Innovation and imitation in the disk drive industry occurred at an extremely rapid rate from 1956 to 1997 and took several forms. First, several advances in technical features improved capacities and access times. Second, several improvements in design and manufacturing techniques improved costs and reliability. Third, several architectural innovations occurred: drives with smaller diameters were introduced beginning with 8" and 5.25p" drives in the late 1970s and continuing with 3.5", 2.5", and 1.8" drives. When first introduced, the new drives served new buyers: 8", 5.25", 3.5", 2.5", and 1.8" drives were first used in minicomputers, personal computers, portable computers, notebook computers, and smaller portable devices, respectively. In response to the profit opportunities generated from rapid technological change and market growth, net entry occurred. The number of firms continued to rise until the mid-1980s and then leveled off a short time before falling in the early 1990s (Lerner, 1997). The patterns for net entry and the number of firms are similar to those established in industries with new products by Gort and Klepper (1982).

* Spin-outs: importance and imitation. Focusing on U.S. disk drive firms in the period 1976-1989, Christensen (1993) shows that while spin-outs were not the only source of entry, they were definitely the most important source. Only 3 out of 28 non-spin-out entrants survived until 1989, but 16 out of 40 spin-outs survived. Spin-outs accounted for all but four of the startups that were successful at generating revenue and accounted for 99.4% of the total cumulative revenues generated by the startup group. By 1989, seven of the world OEM/PCM market's ten largest firms were spin-outs. Table 1 provides our updated list of spin-outs. Our data show that after 1989, only five spin-outs and two non-spin-outs entered.
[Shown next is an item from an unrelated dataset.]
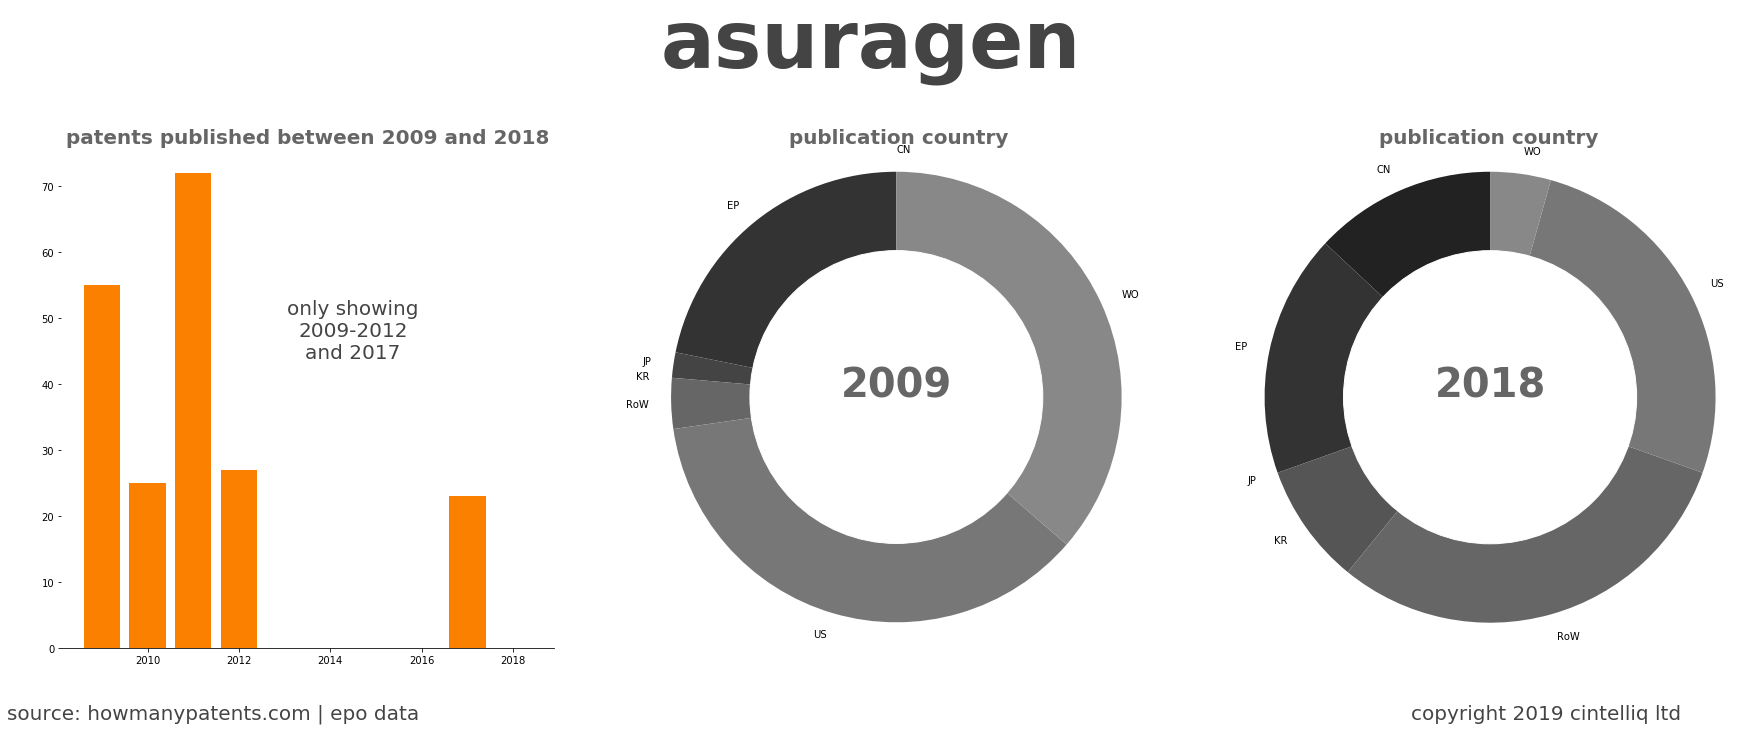 summary of patents for Asuragen

This implies that Christensen's detailed analysis describes the vast majority of the entrants.

Spin-outs were an important source of entry, but were they imitators? Did spin-outs imitate firm-specific know-how of their former employer, as in our model, or did they simply learn industry-specific know-how? (2) The Disk/Trend Report describes several examples of firm-specific technical know-how being imitated. For example, founders of Amcodyne and Areal Technology learned how to make high areal density drives from their parent firms; founders of Dastek used thin film head technology after learning from IBM; and the founders of Tecstor modelled their drives after those of their parent firms.

Know-how associated with entering new diameters early was also imitated. Table 2 lists early movers by diameter. Almost all of the firms listed are either spin-outs, parents, or both, with the exception of BASF, New World Computer, and Control Data. (3) Many of the firms are related to each other. Table 3 lists the spin-outs from early-mover parents along with whether the spin-out was an early mover and, if so, in which diameter. From Table 3, the probability that a randomly selected spin-out from an early-mover parent is an early mover is 5/15 = .33. Of the 177 firms that were not spin-outs from early-mover parents, only 12 were early movers, resulting in a probability of .068. The two probabilities differ substantially, and the difference is significant...



NOTE: All illustrations and photos have been removed from this article.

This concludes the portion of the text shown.